### Given data
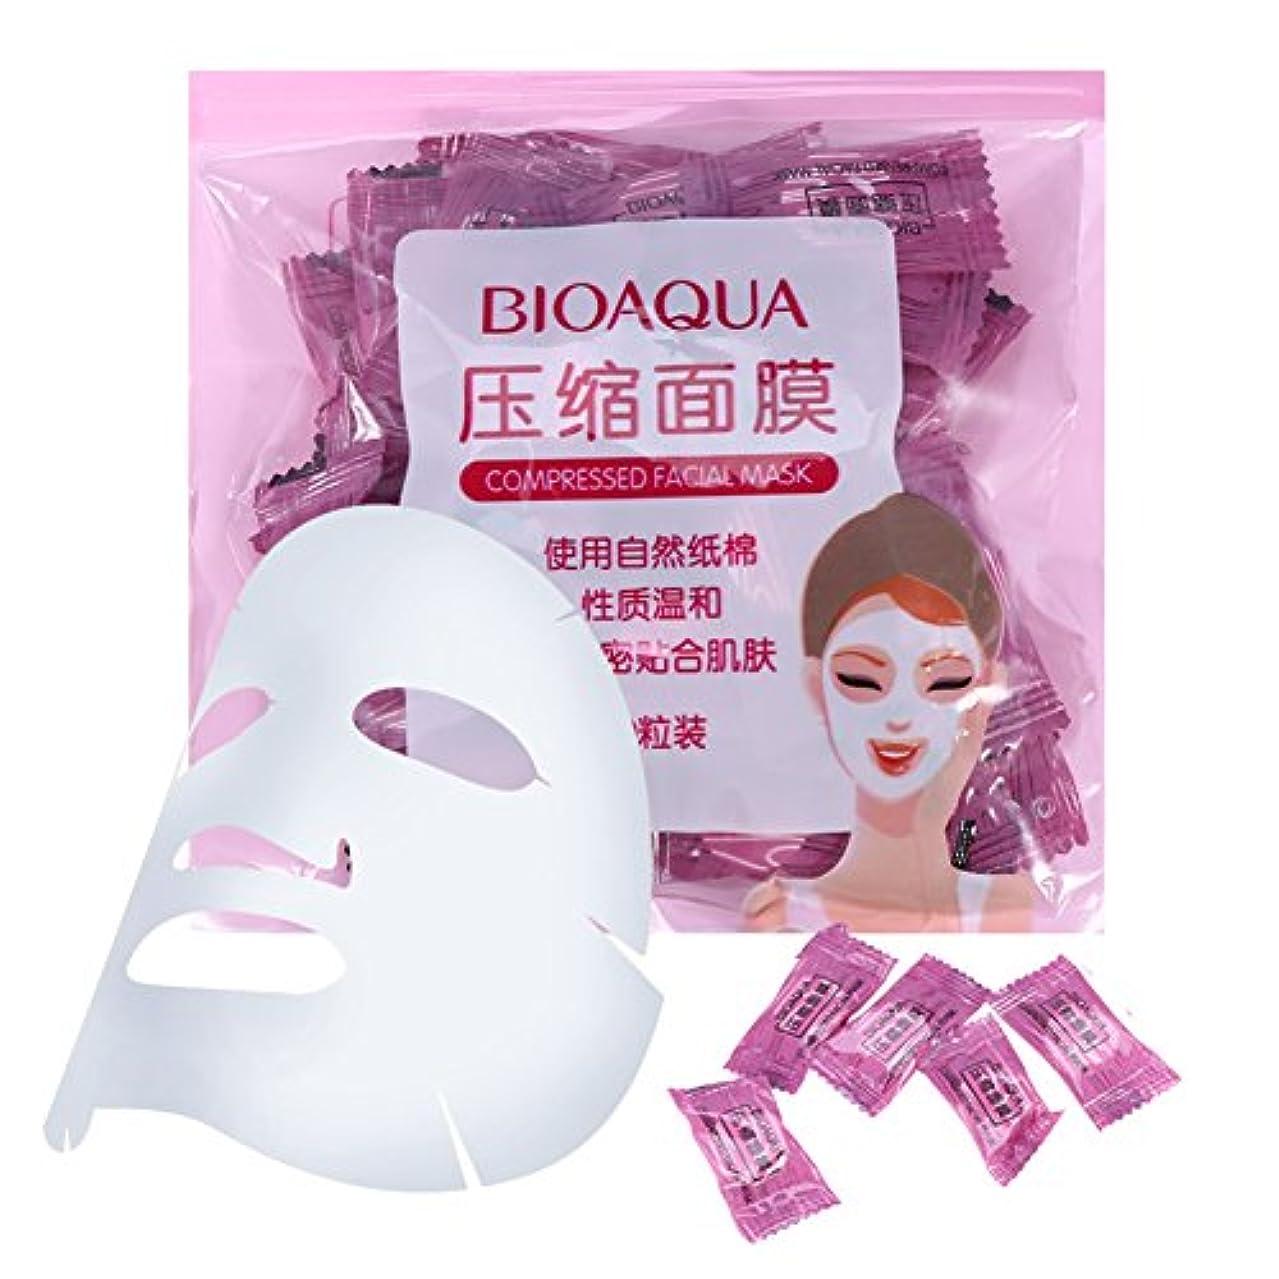 容疑者寄付関連するスキンケア 50個/パックナチュラル 不織布 圧縮 フェイスマスク DIYフェイシャルマスク
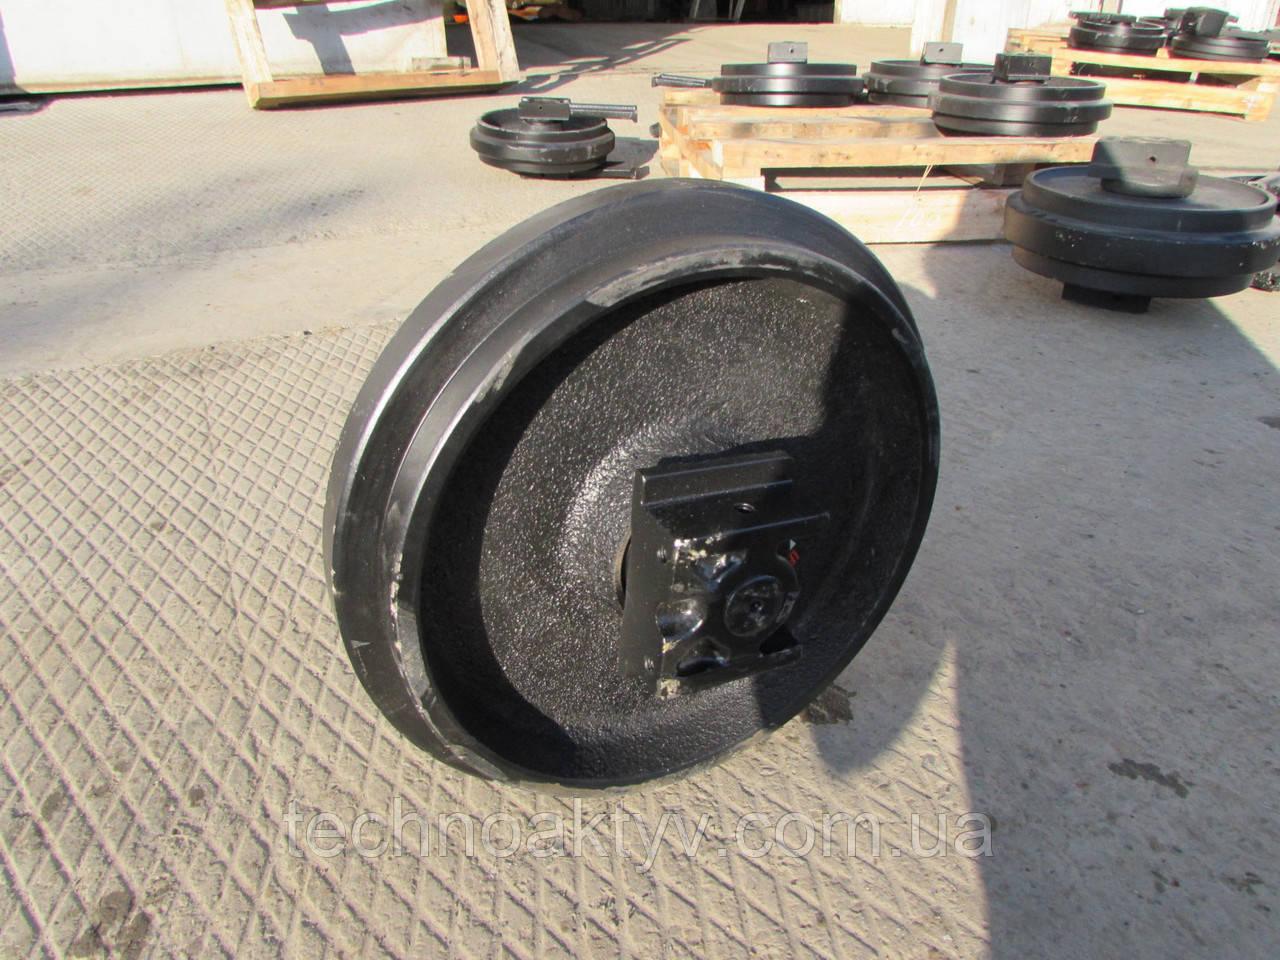 Направляющие (натяжные) колеса - ленивец SUMITOMO SH100/SH120, SH120-3, Sh200 (внешний), Sh200 (внутренний)
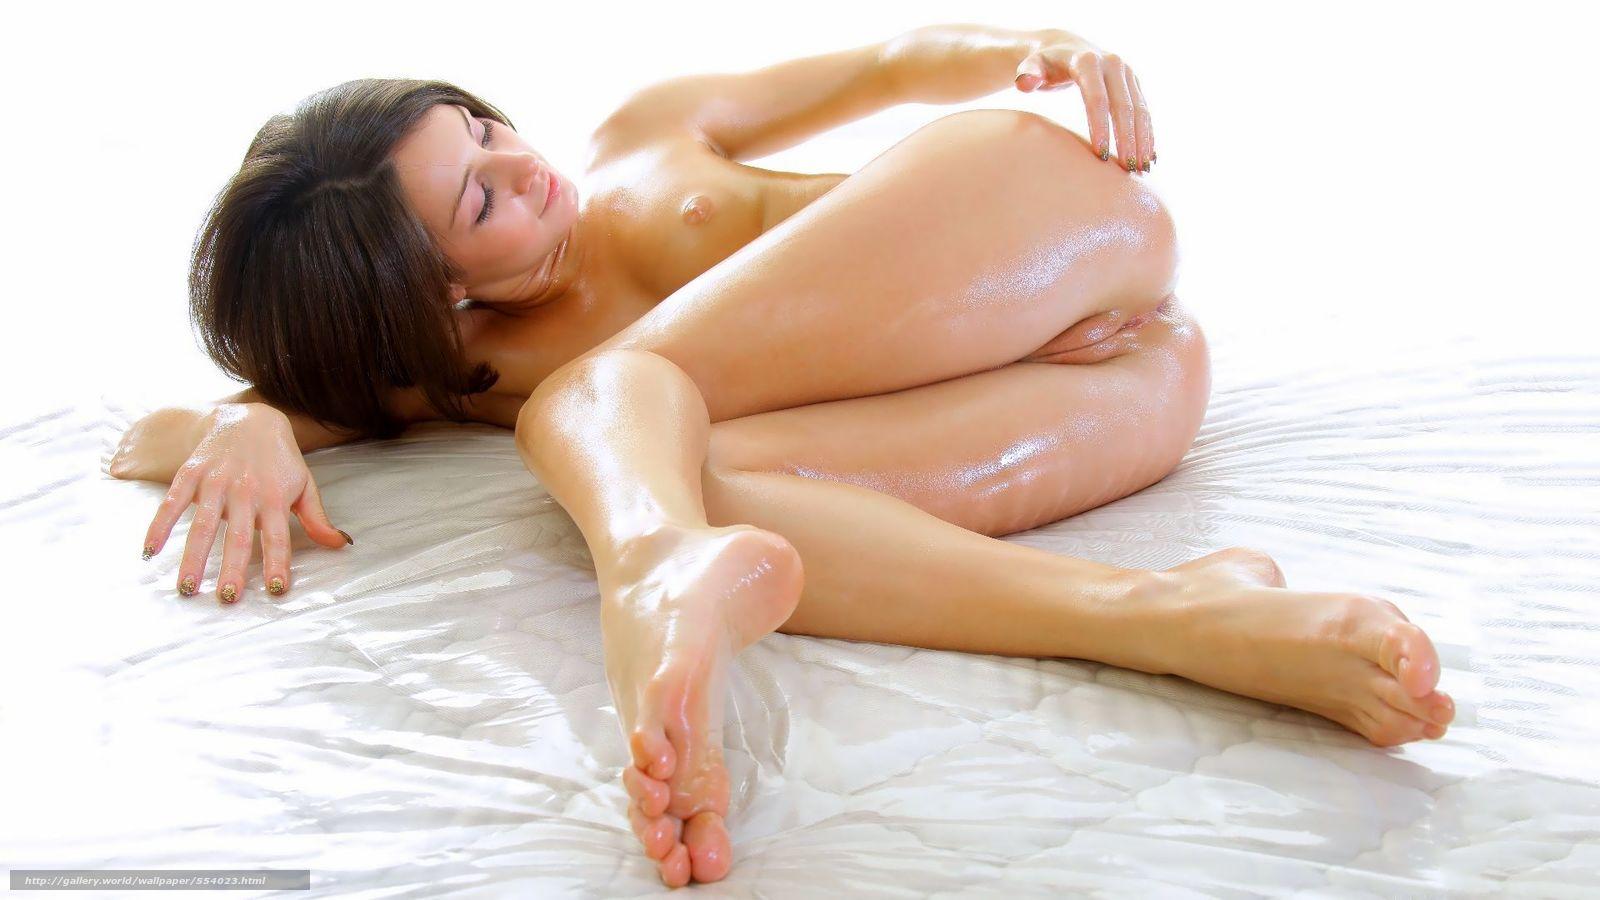 Попка в масле порно онлайн 9 фотография
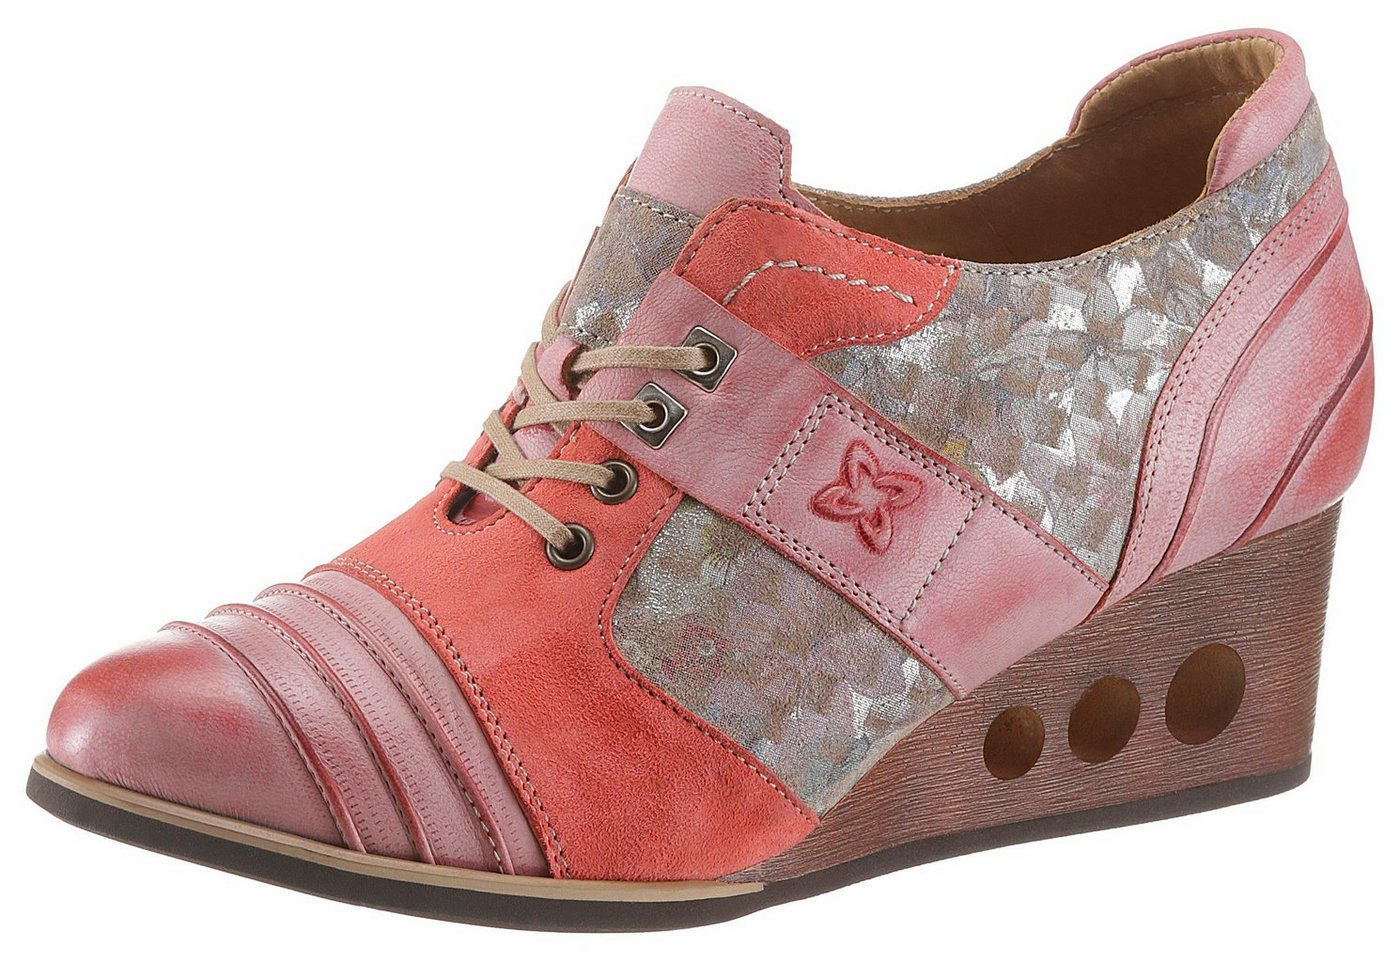 Damen Maciejka Schnürpumps mit raffinierten Keilabsatz rosa | 05902040020169
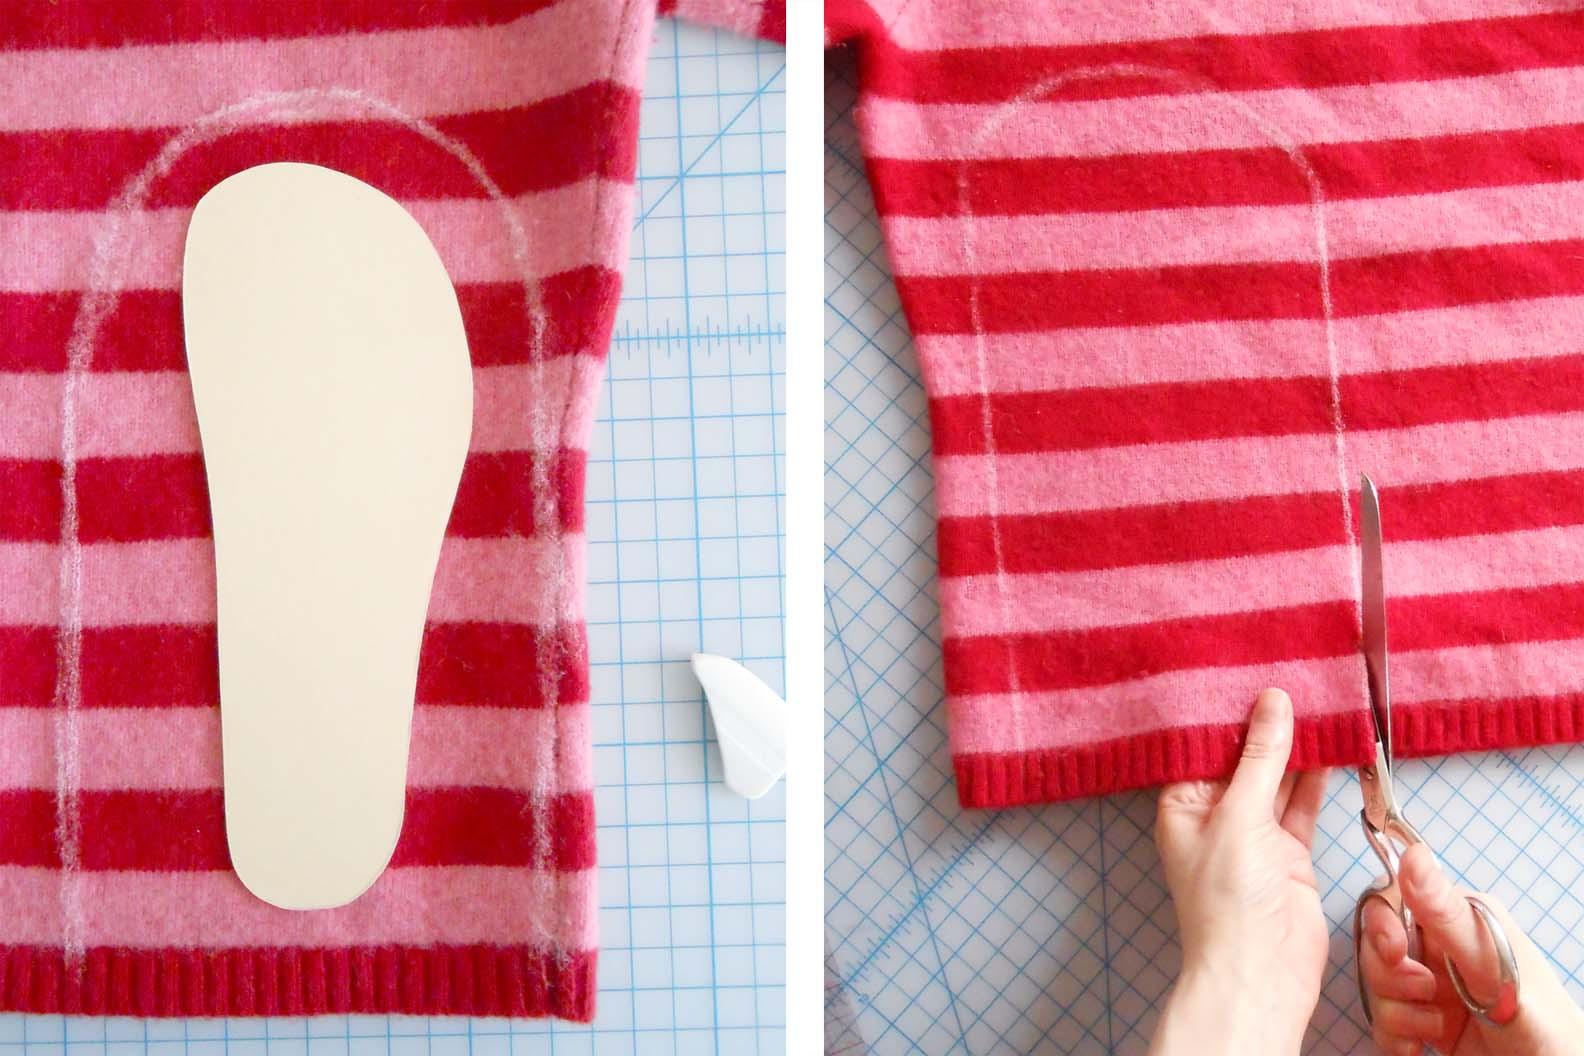 Переделка старого свитера в носки Мастер-класс своими руками 99

### What the task asks
The expected output is every entry, retyped exactly, with all pictures removed.

### Answer to this task
 容疑者寄付関連するスキンケア 50個/パックナチュラル 不織布 圧縮 フェイスマスク DIYフェイシャルマスク
 Направляющие (натяжные) колеса - ленивец SUMITOMO SH100/SH120, SH120-3, Sh200 (внешний), Sh200 (внутренний)
 Попка в масле порно онлайн 9 фотография
 Damen Maciejka Schnürpumps mit raffinierten Keilabsatz rosa | 05902040020169
 Переделка старого свитера в носки Мастер-класс своими руками 99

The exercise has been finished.